[Raw data Boundary: Start]

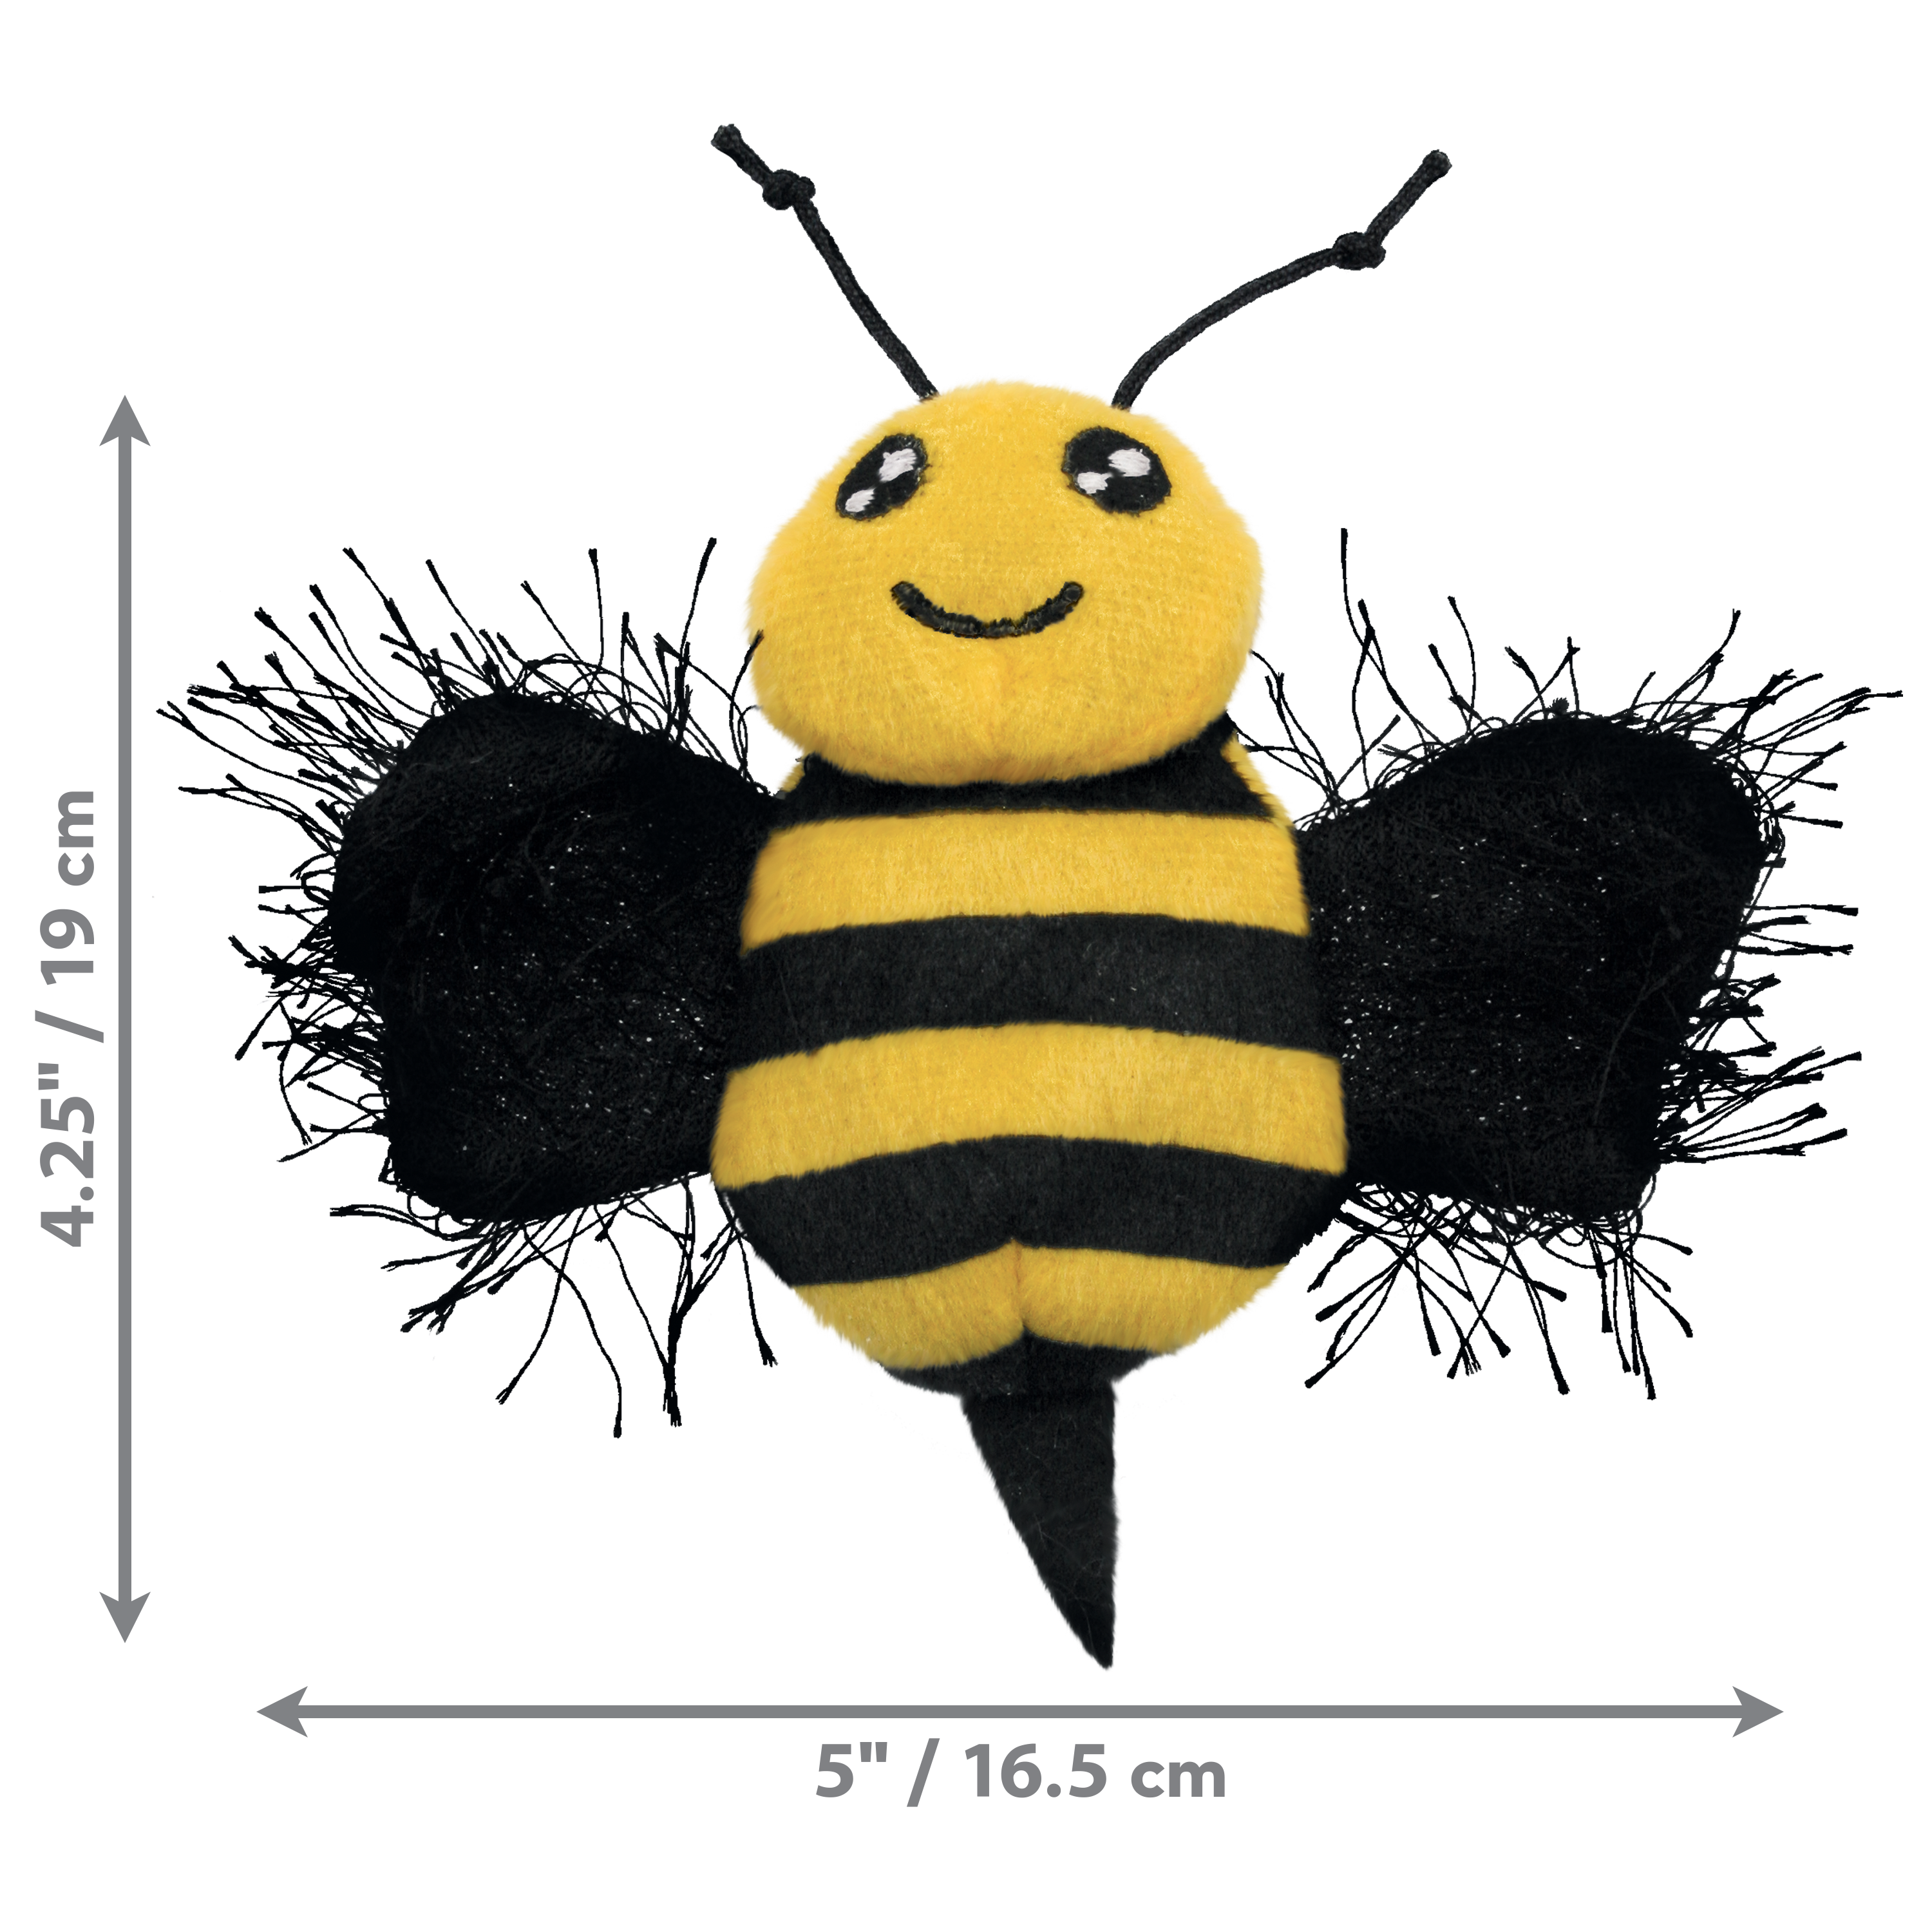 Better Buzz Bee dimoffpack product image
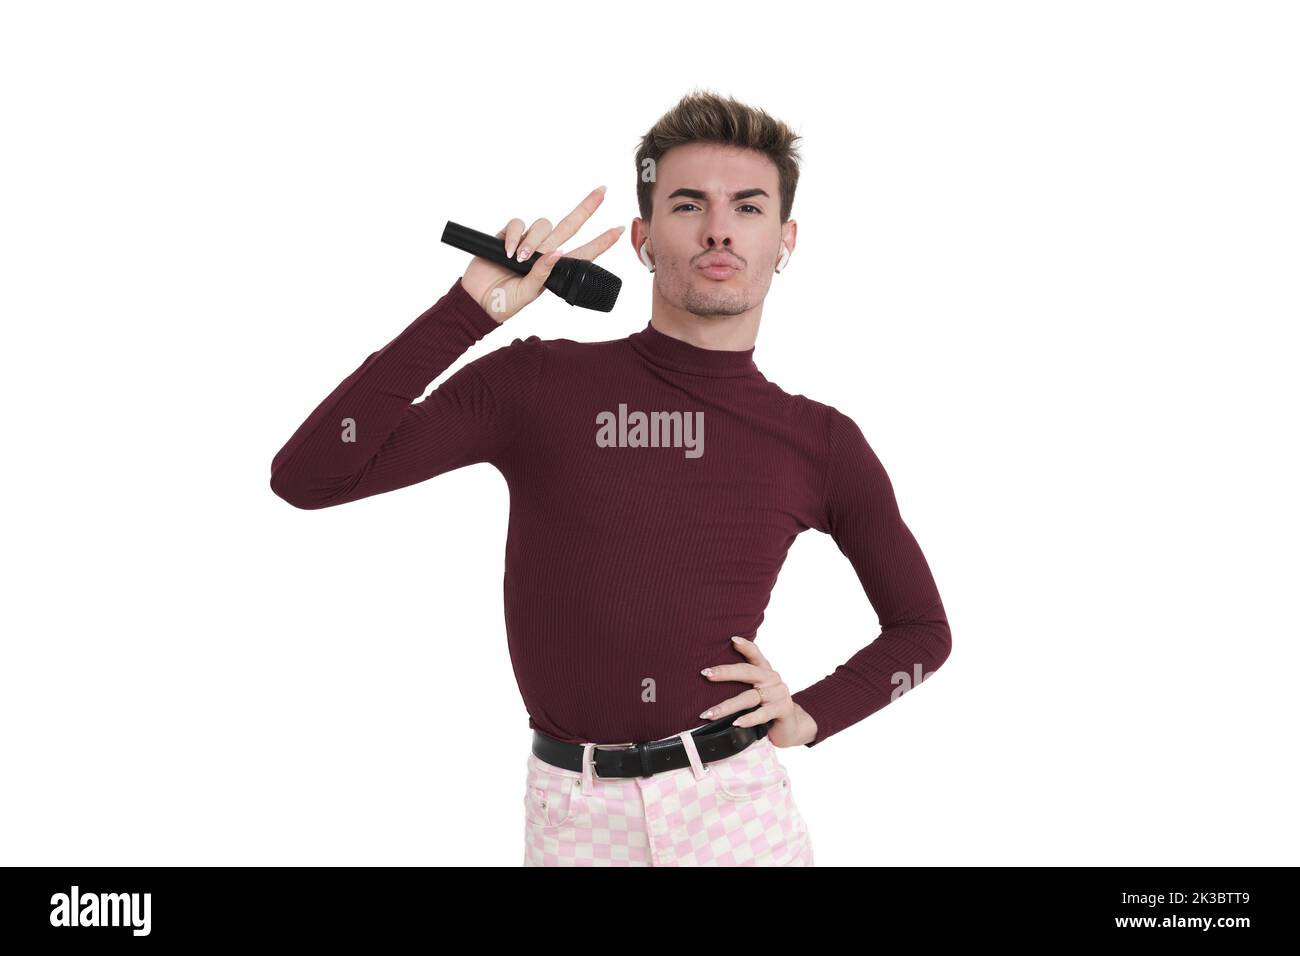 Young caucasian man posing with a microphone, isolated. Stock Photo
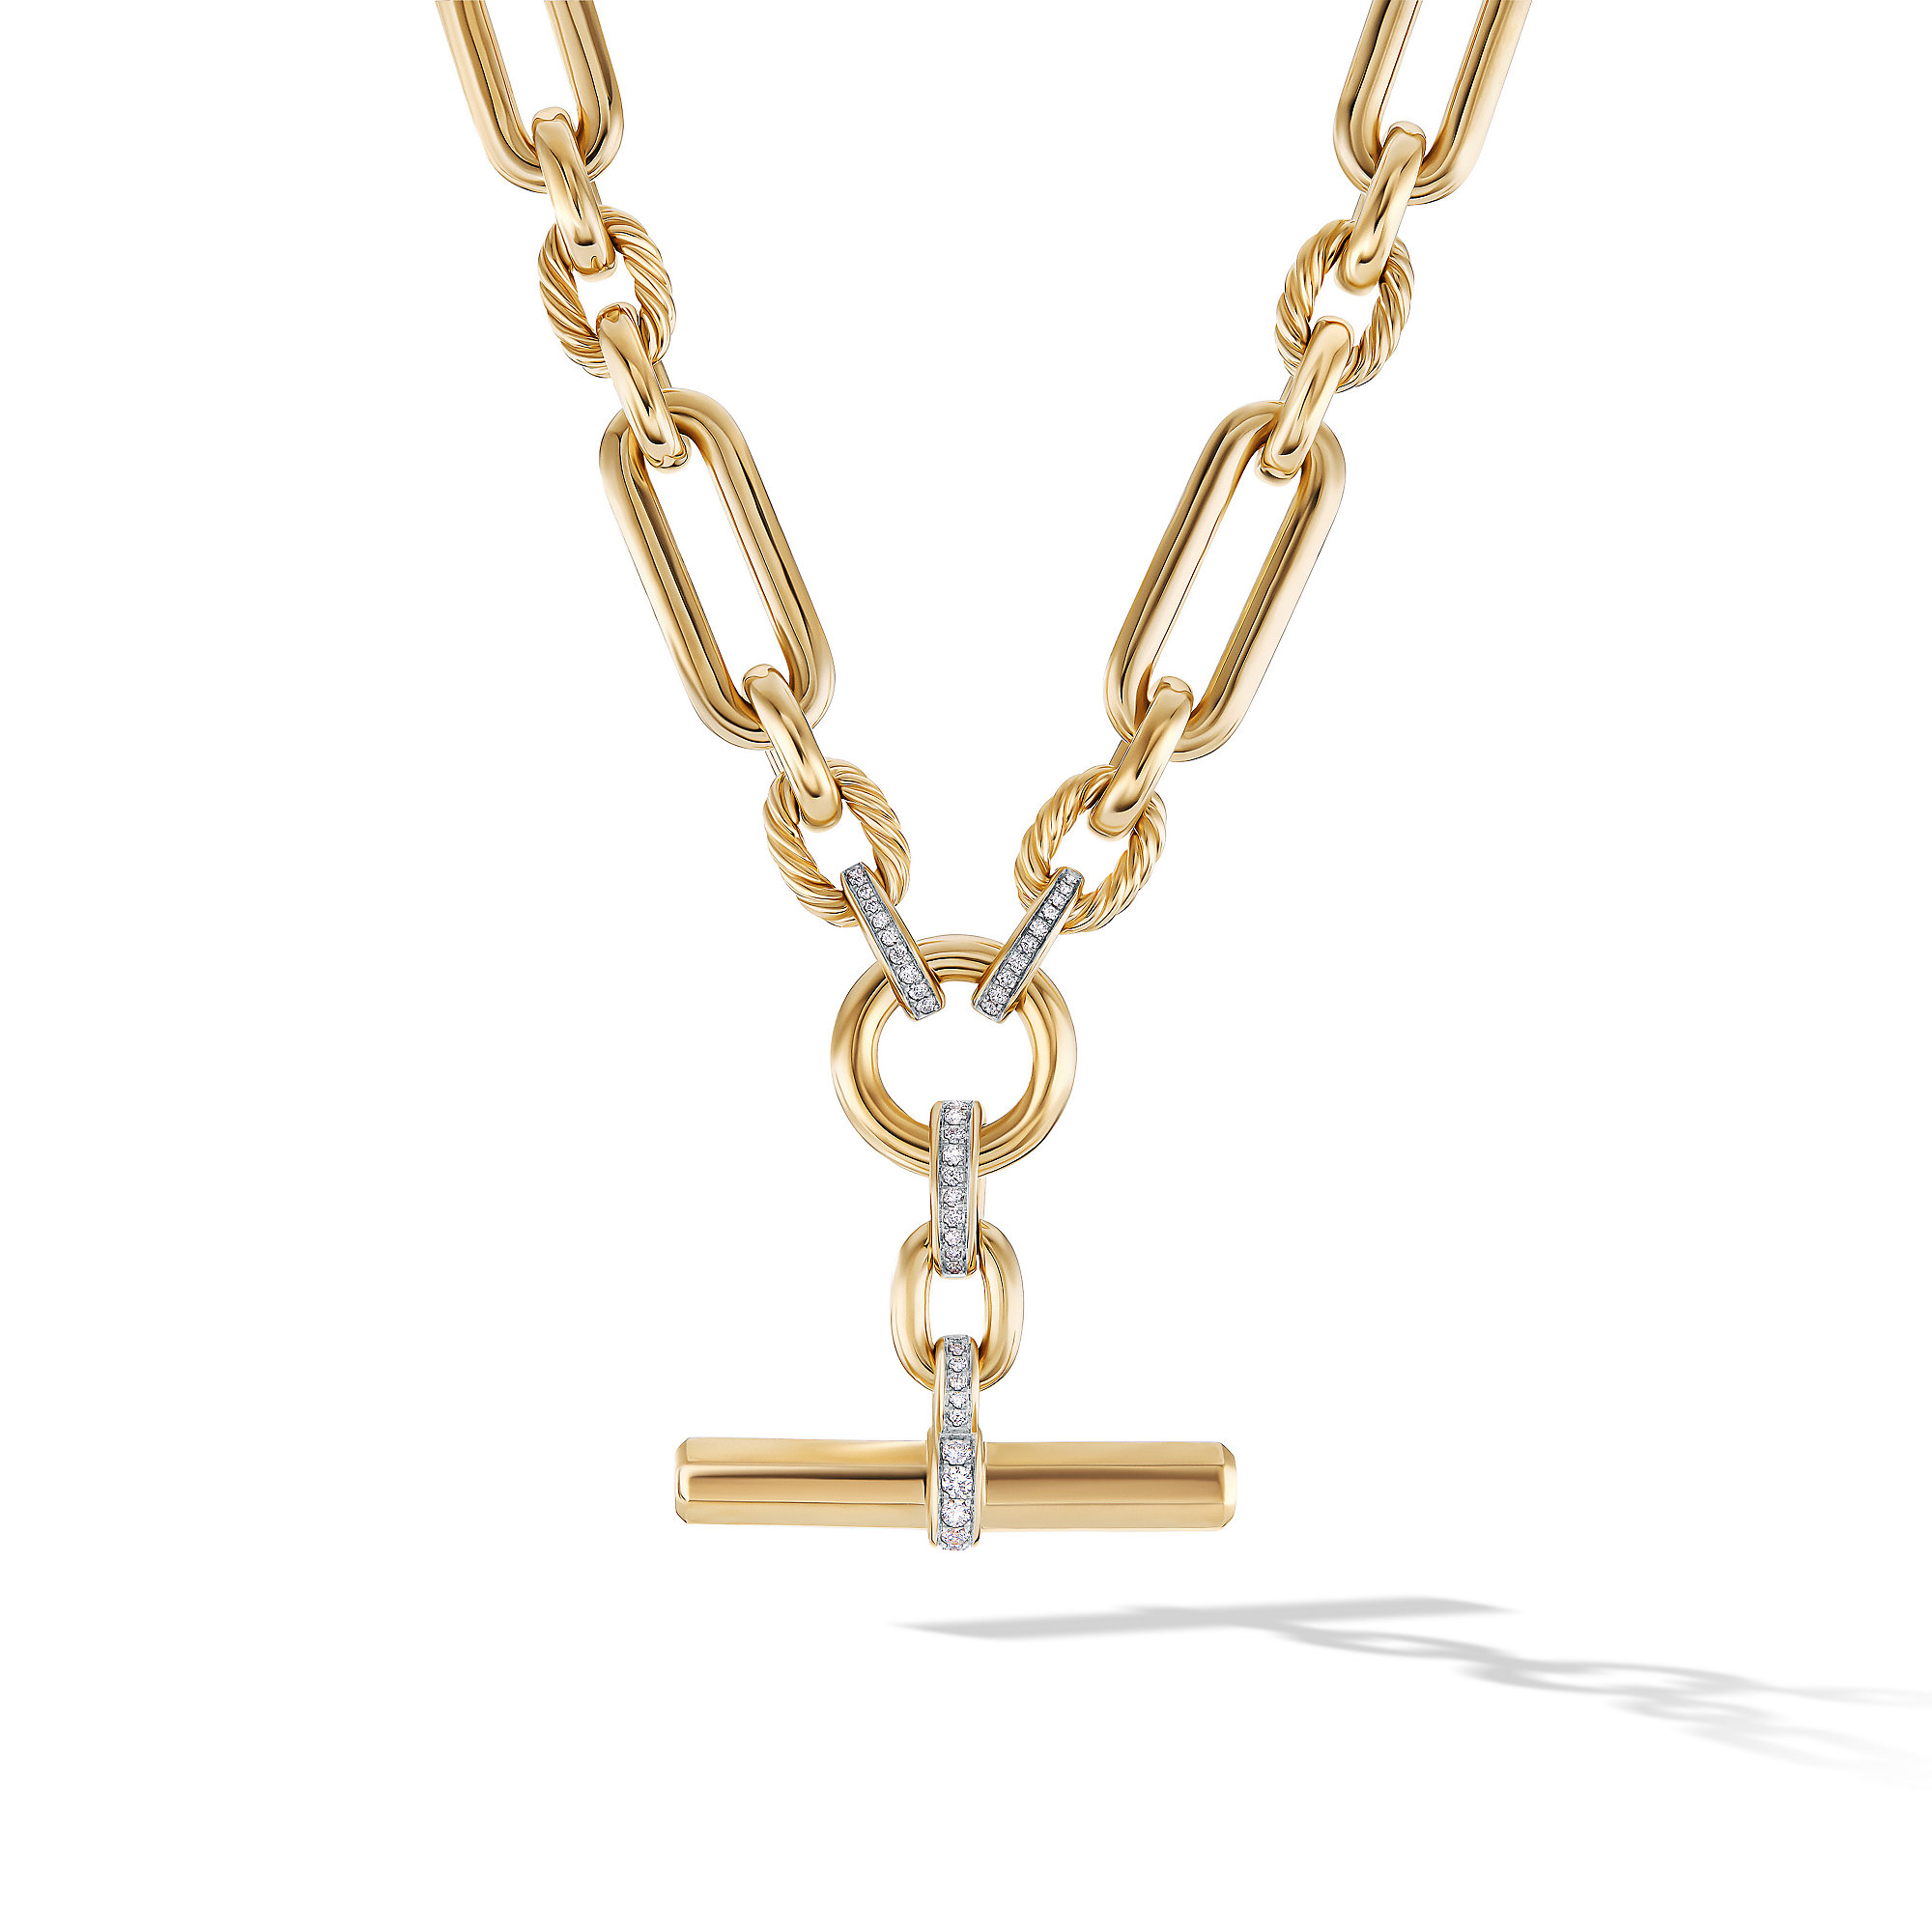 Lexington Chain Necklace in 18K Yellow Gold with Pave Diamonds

[Raw data Boundary: End]

## Problem description
Give every line of the data above again as it stands; the pictures stay out.

## Answer for this exercise
 Better Buzz Bee dimoffpack product image
 Young caucasian man posing with a microphone, isolated. Stock Photo
 Lexington Chain Necklace in 18K Yellow Gold with Pave Diamonds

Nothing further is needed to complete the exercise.